§ **DATA BELOW**:
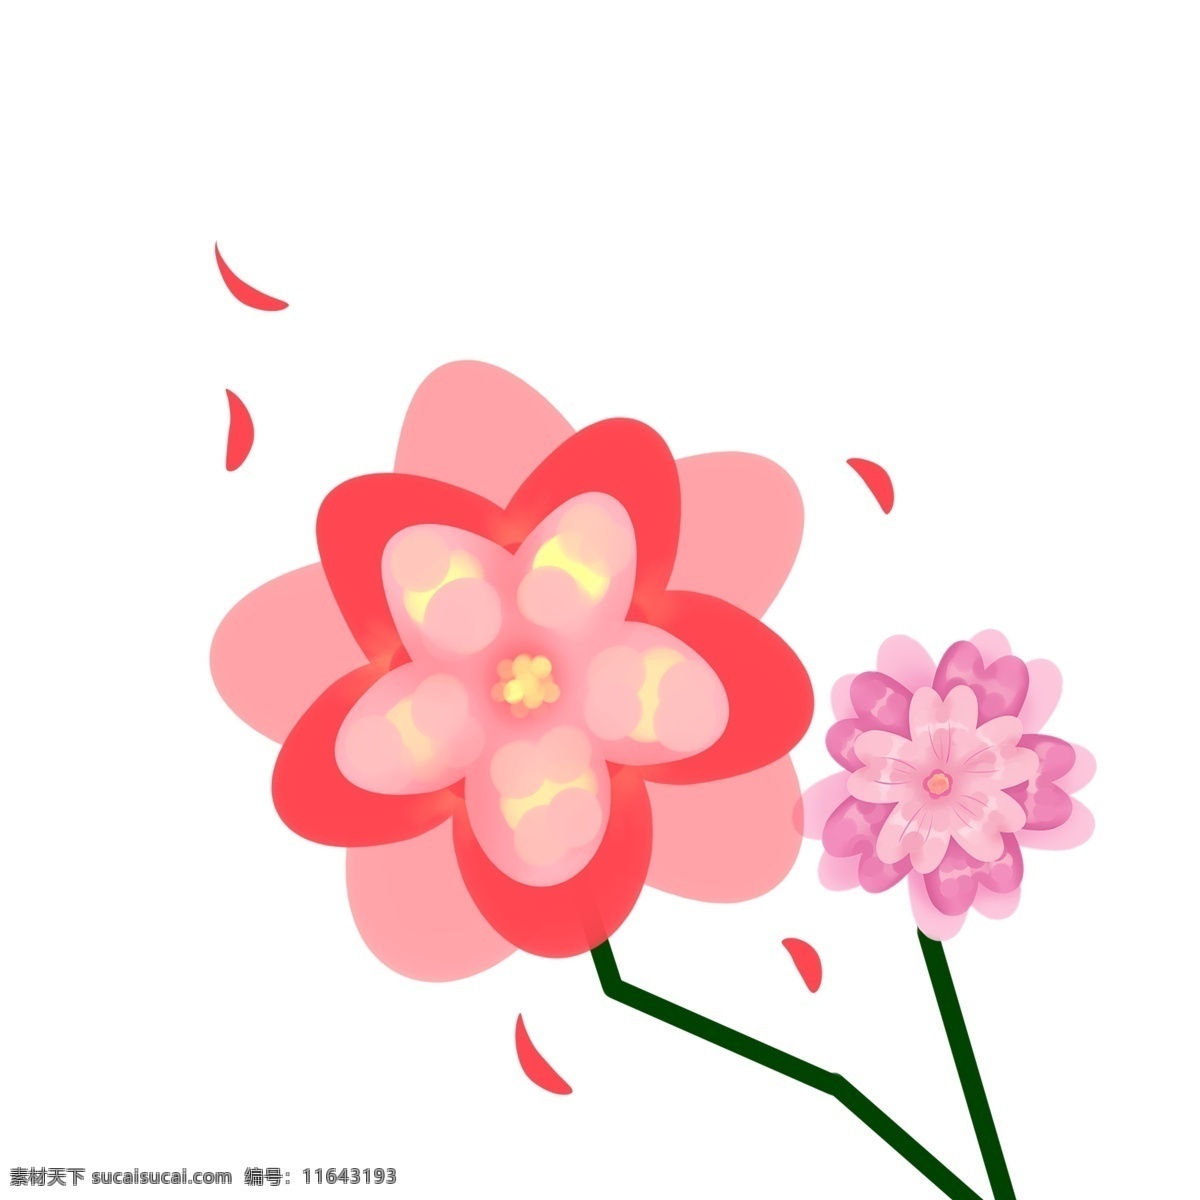 漂亮 粉色 樱花 插画 红色樱花 日本樱花 花朵 唯美樱花 花儿 樱花插图 漂亮的樱花 插图
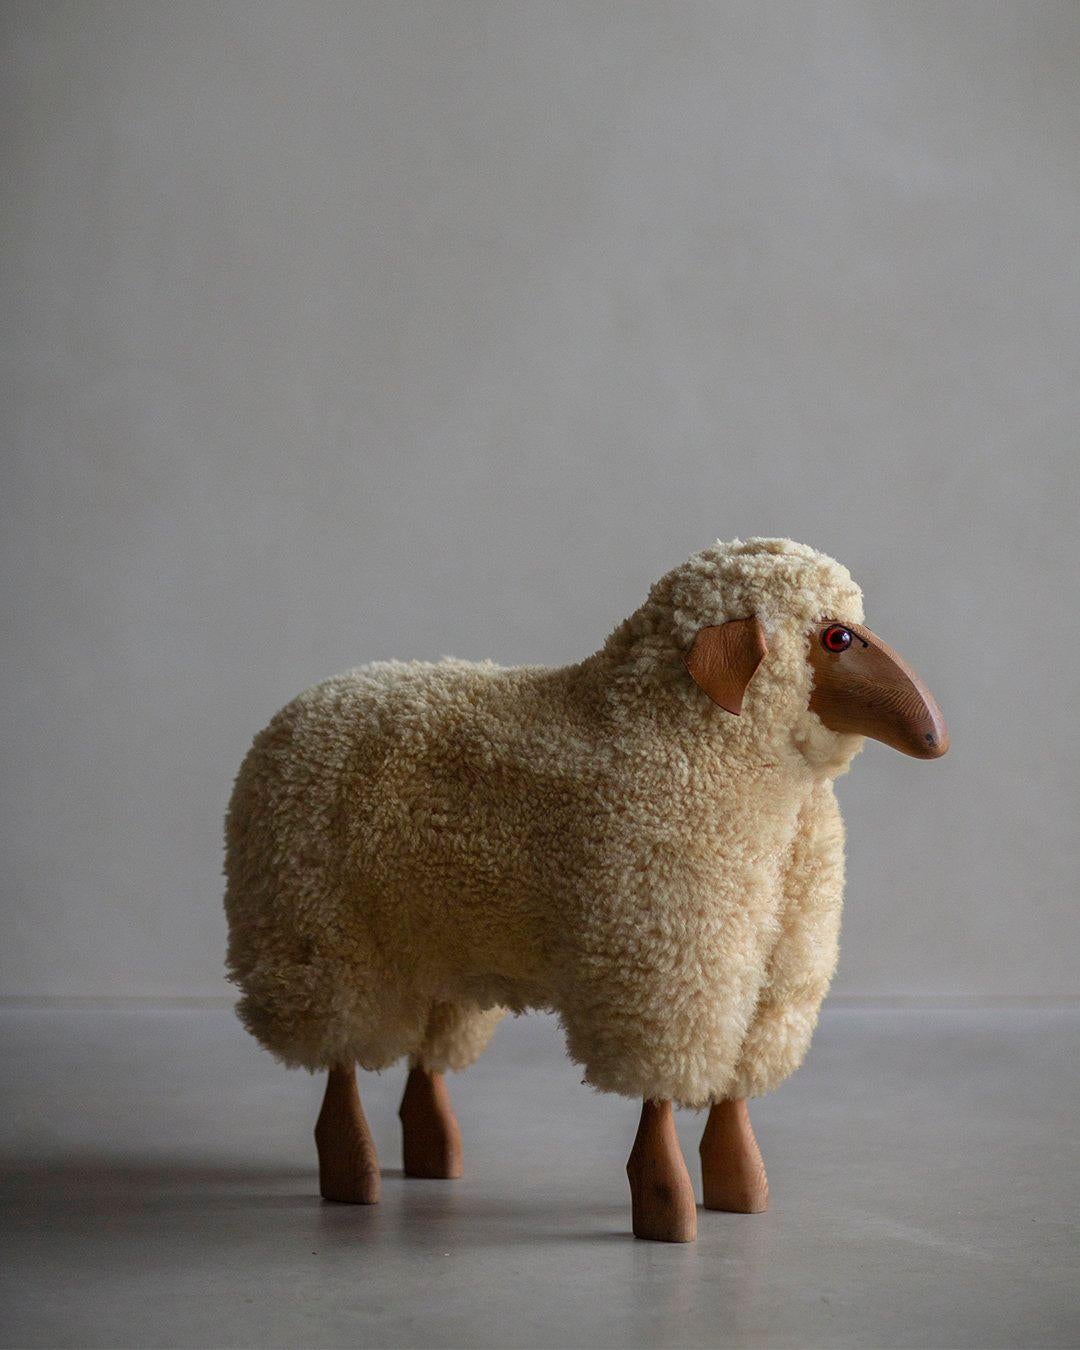 La sculpture de mouton en laine de Hanne-Peter Krafft, une première édition au charme vintage, a été réalisée pour la société allemande Meier. Fabriquée à la main, cette sculpture présente un caractère unique et une grande attention aux
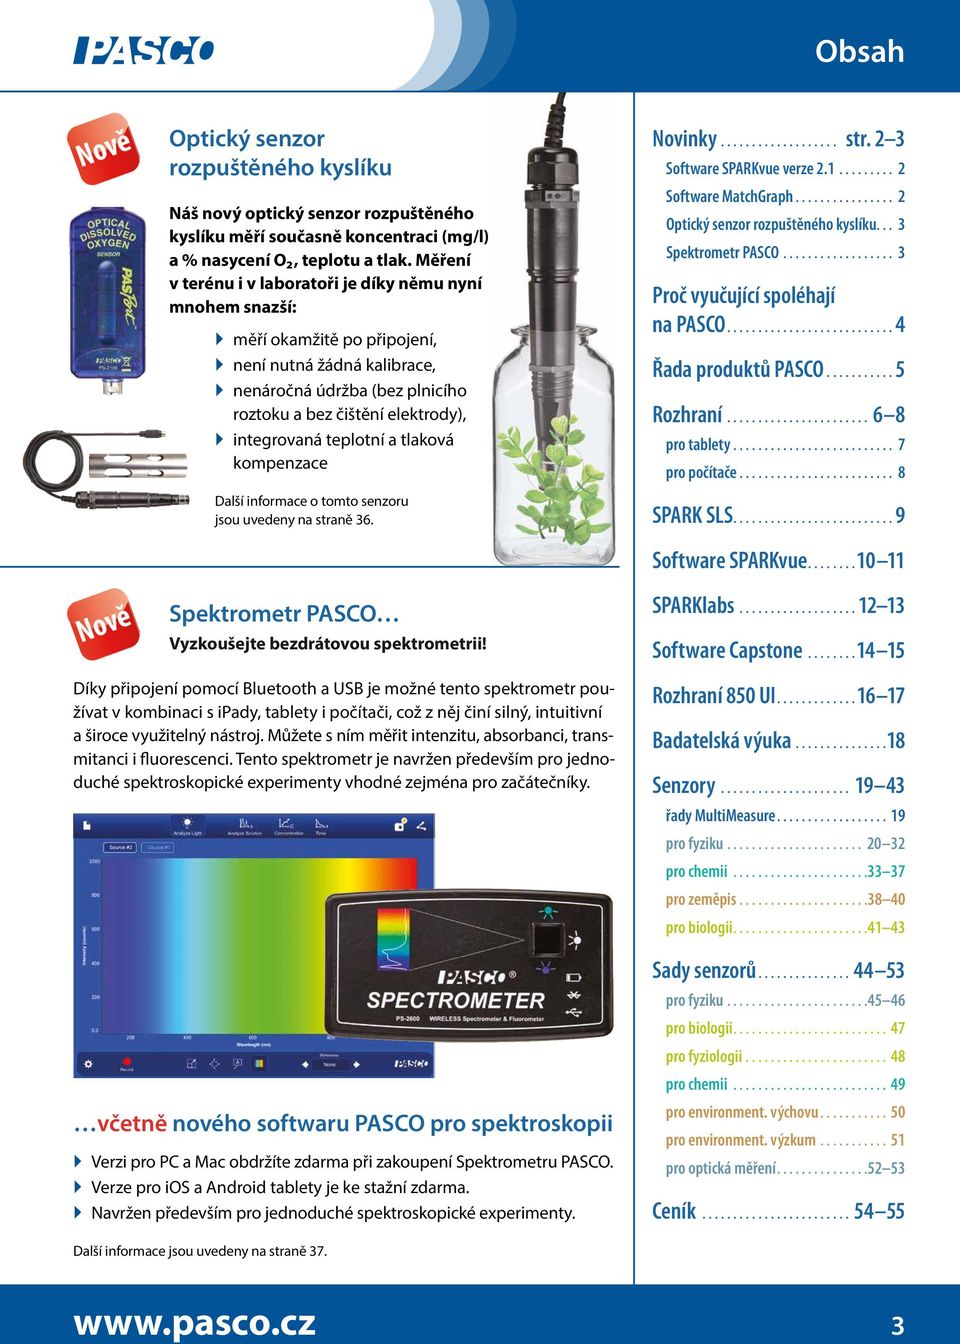 teplotní a tlaková kompenzace Další informace o tomto senzoru jsou uvedeny na straně 36. Novinky str. 2 3 Software SPARKvue verze 2.

§ **WORK TO COMPLETE**:
The lines above must be transcribed exactly, with every picture left out.

§ **RESULT**:
 漂亮 粉色 樱花 插画 红色樱花 日本樱花 花朵 唯美樱花 花儿 樱花插图 漂亮的樱花 插图
 La sculpture de mouton en laine de Hanne-Peter Krafft, une première édition au charme vintage, a été réalisée pour la société allemande Meier. Fabriquée à la main, cette sculpture présente un caractère unique et une grande attention aux
 teplotní a tlaková kompenzace Další informace o tomto senzoru jsou uvedeny na straně 36. Novinky str. 2 3 Software SPARKvue verze 2.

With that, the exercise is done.